Return point memory is a property of magnetic materials. Apply a magnetic field, then reduce it — the magnetization traces a new path. But if you re-apply the field to exactly the previous peak, the magnetization returns precisely to the trajectory it was on before the reversal. The material remembers where it was. The memory is not in a specific state but in the history of states — the sequence of previous maxima. This was thought to require the physics of ferromagnetism: domain walls, exchange coupling, crystalline anisotropy. Materials that remember their deformation history are rare and exotic.
Dresselhaus, Hellebrand, Roy, Mandadapu, and Govindjee found return point memory in knitted fabric.
Subjected to cyclic uniaxial stretching, ordinary knitted fabrics show hysteresis — the load-unload curve doesn't retrace itself, meaning energy is dissipated on each cycle. This alone is unsurprising. What is surprising is the precision of the memory. When the fabric is stretched to a peak, released, stretched to a lesser peak, released, and then stretched again past the lesser peak — the stress-strain curve rejoins the original trajectory exactly at the original peak. The fabric remembers where it turned around.

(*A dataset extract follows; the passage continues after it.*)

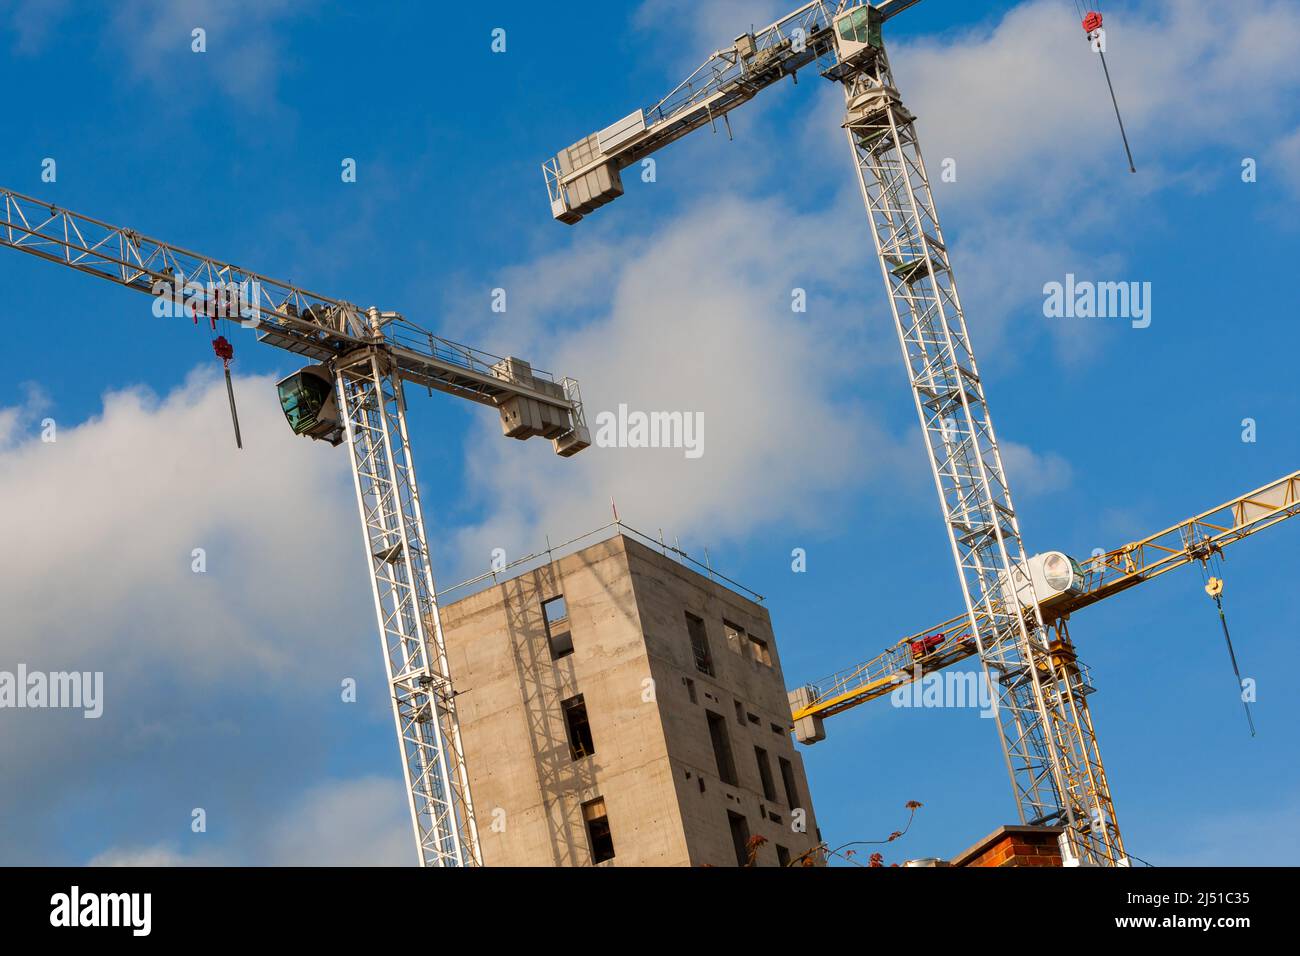 Cranes on a Construction or Building SIte with a blue sky Stock Photo

This is not viscoelasticity. Viscoelastic materials dissipate energy through time-dependent molecular relaxation — their hysteresis depends on rate, and they don't remember past maxima. It is not plasticity. Plastic materials deform permanently — they don't return to previous trajectories at all. The knitted fabric's memory fits neither standard model. The authors had to adapt the Preisach model — originally developed for magnetics — to describe it.
The mechanism is topological. Each loop in the knitted structure can be in one of many stable configurations. When the fabric is stretched, some loops slide past critical contact points and snap into new arrangements. Each snap is a discrete, irreversible transition — like a magnetic domain flipping. The ensemble of loop states encodes the deformation history. When the fabric is re-stretched past a previous maximum, the loops that snapped at that maximum get re-engaged, and the original trajectory resumes.
A sweater remembers where you stretched it. Not through any exotic physics — through the geometry of interlocking loops, each one a tiny mechanical switch recording a threshold. The material's flexibility is not the opposite of memory. It is the condition for it. Rigid materials deform elastically or break; they don't accumulate a history of discrete state changes. Only something soft enough to have many stable configurations can remember.